Preventing EMBOSS transeq from renaming sequences

2

Entering edit mode

9.6 years ago

Eric Normandeau 11k

I'm using the EMBOSS transeq tool to translate the first ORF of 26,000 sequences. Since the tool is pretty slow (takes ~1 minute per short sequence) and to make the process parallel, I split the fasta file into smaller files (down to one sequence per file) and then run transeq on each file. However, the sequences are renamed in the following format: EMBOSS_001_1.

How could I prevent transeq from renaming these sequences?

If nothing else works, I'll create a script that manages the translation of each individual sequences and makes sure to rename it after it has been translated.

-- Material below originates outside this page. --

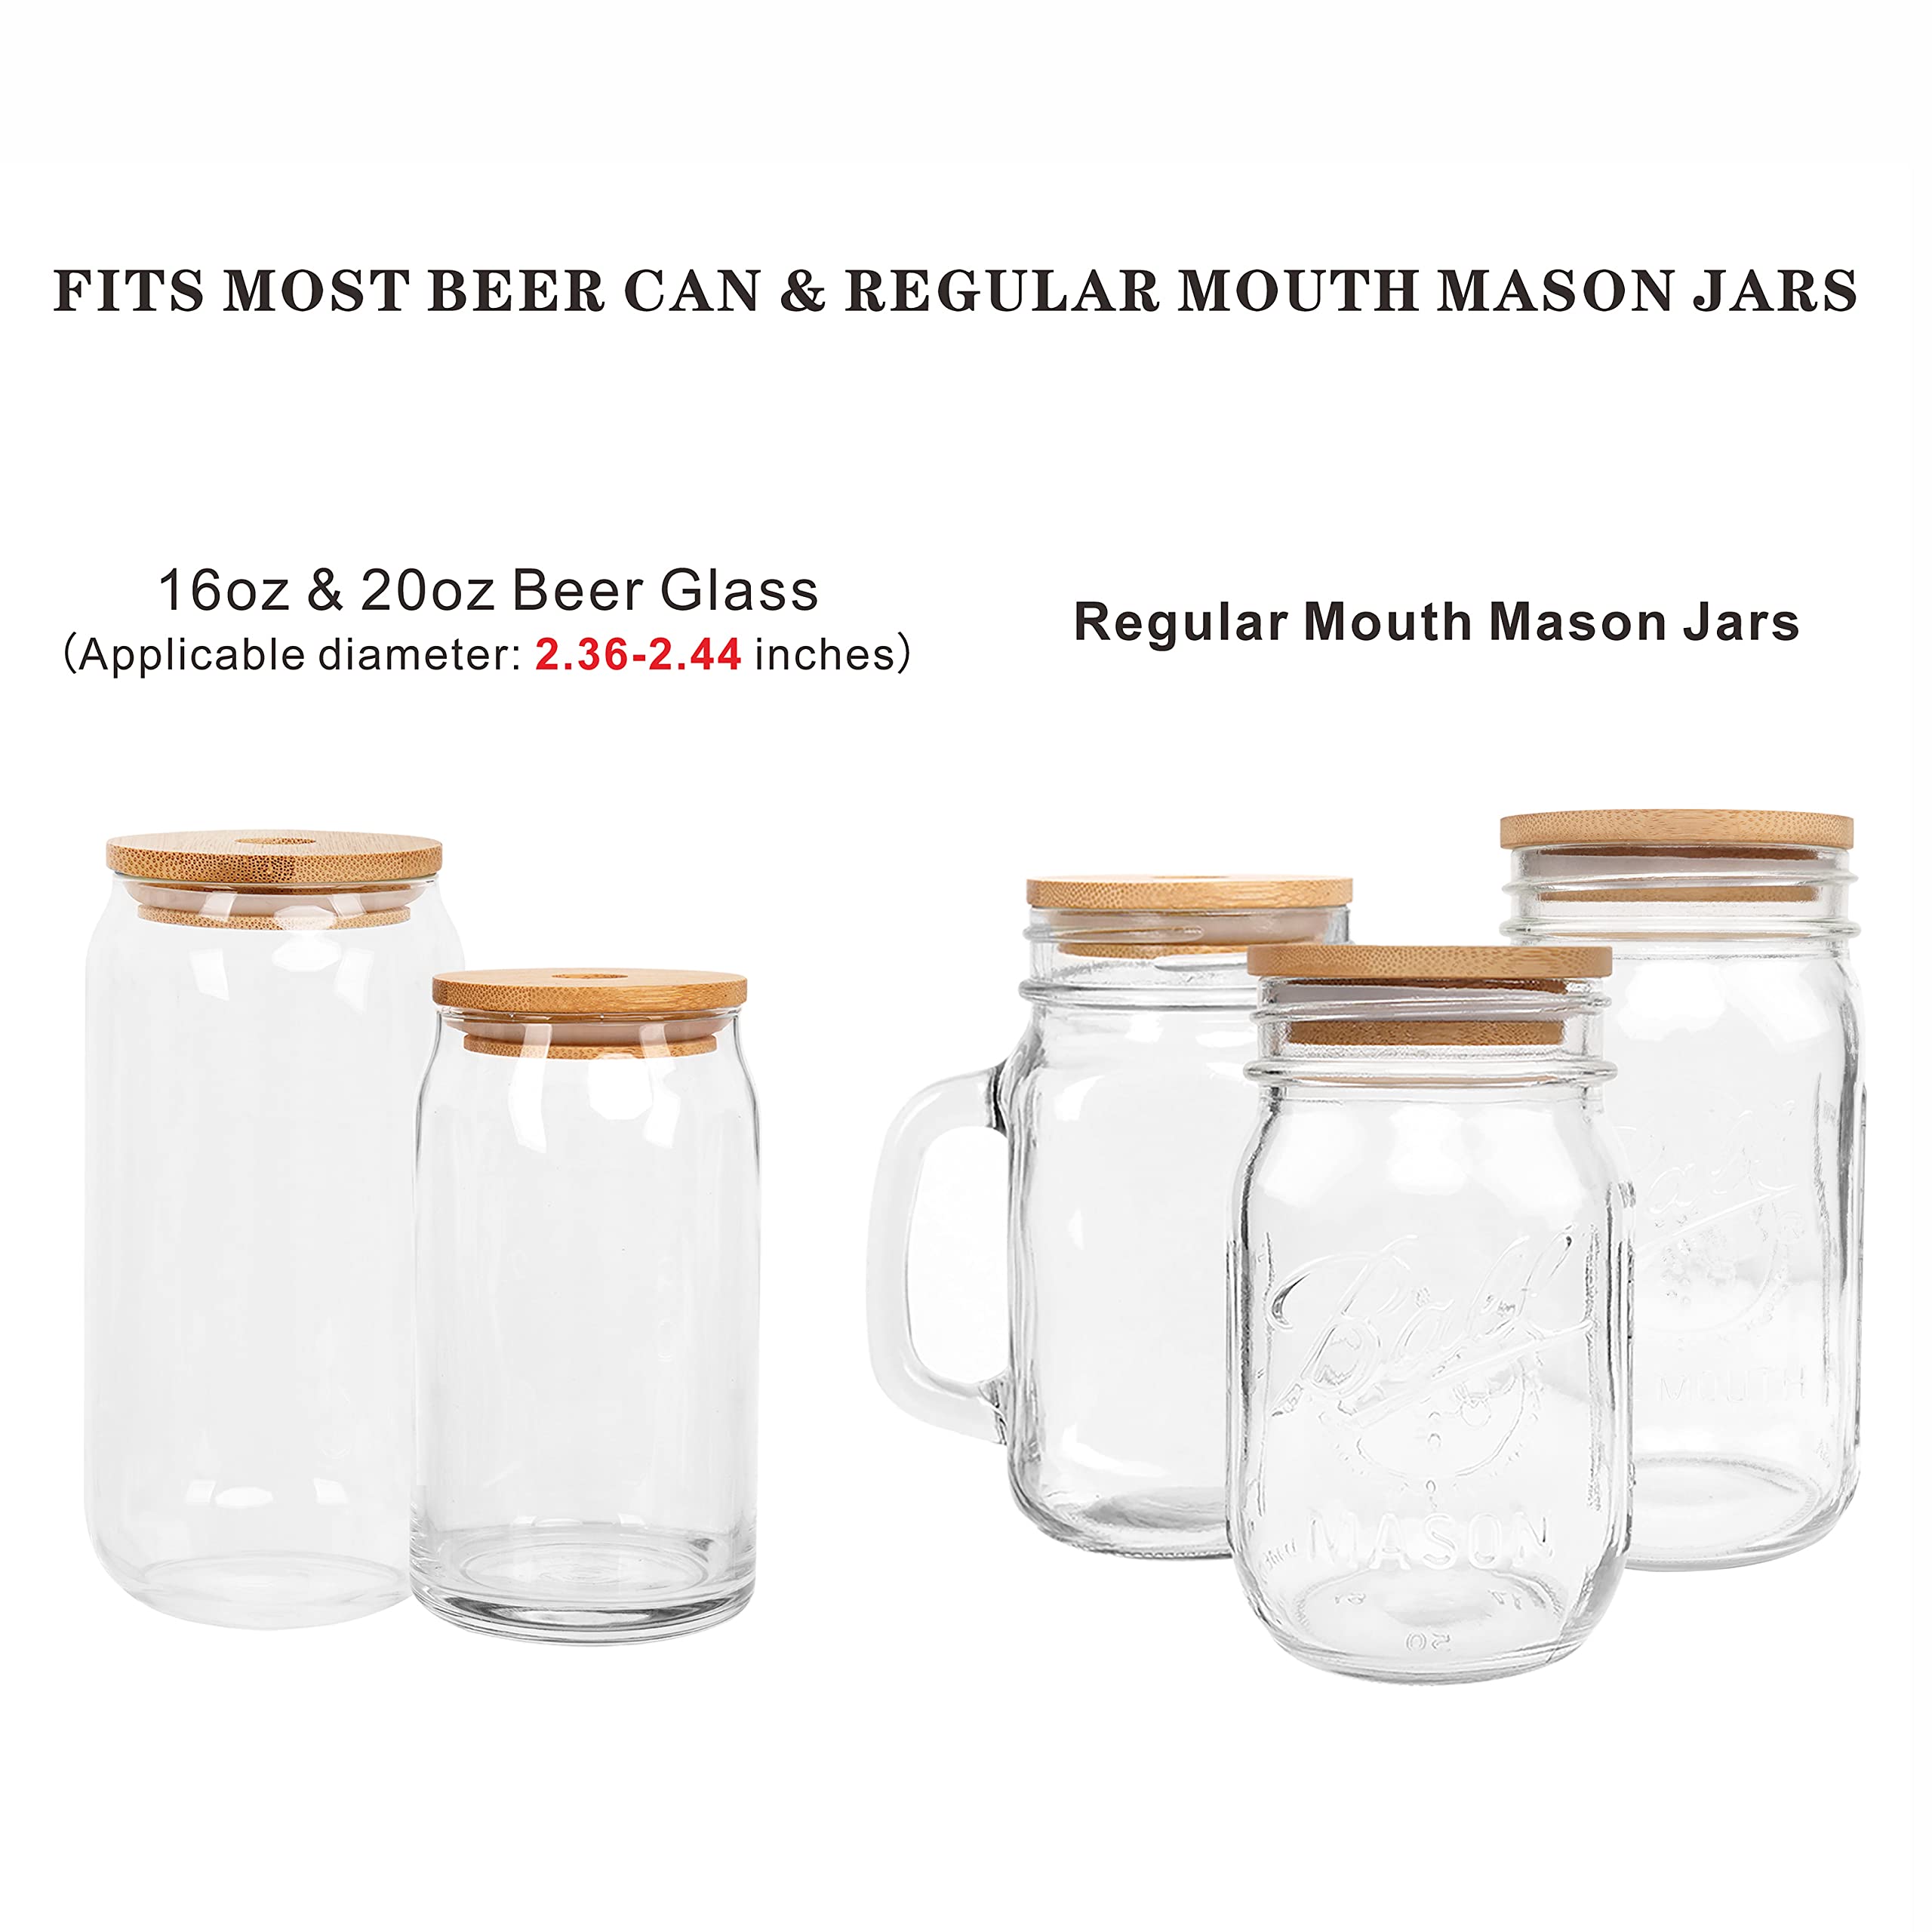 Bamboo Lids for Beer Can Glass, ANOTION Mason Jar Lids with Straw Hole, 4 Reusable Bamboo Mason Jar Drinking Lids for Regular Mouth Mason Jar with 4 Muti-Color Glass Straw for Coffee Boba Cup

emboss translation transeq • 7.5k views

ADD COMMENT • link updated 2.3 years ago by Ram 43k • written 9.6 years ago by Eric Normandeau 11k

0

Entering edit mode

From your code I am guessing that the issue is that you don't want the reading frame suffix (e.g. "_1") to be added to the sequence identifier by EMBOSS transeq?

Assuming that that is the case, it might be worth asking if there is a way to suppress the suffix addition on the EMBOSS mailing lists (see http://emboss.open-bio.org/html/use/ch03s04.html), so the developers can have a look.

ADD REPLY • link updated 2.3 years ago by Ram 43k • written 9.6 years ago by hpmcwill ★ 1.2k

0

Entering edit mode

Sorry, that is not what I am looking for. My sequences have names and those are completely removed and replaced by EMBOSS_001_1. I would like to retain the original names.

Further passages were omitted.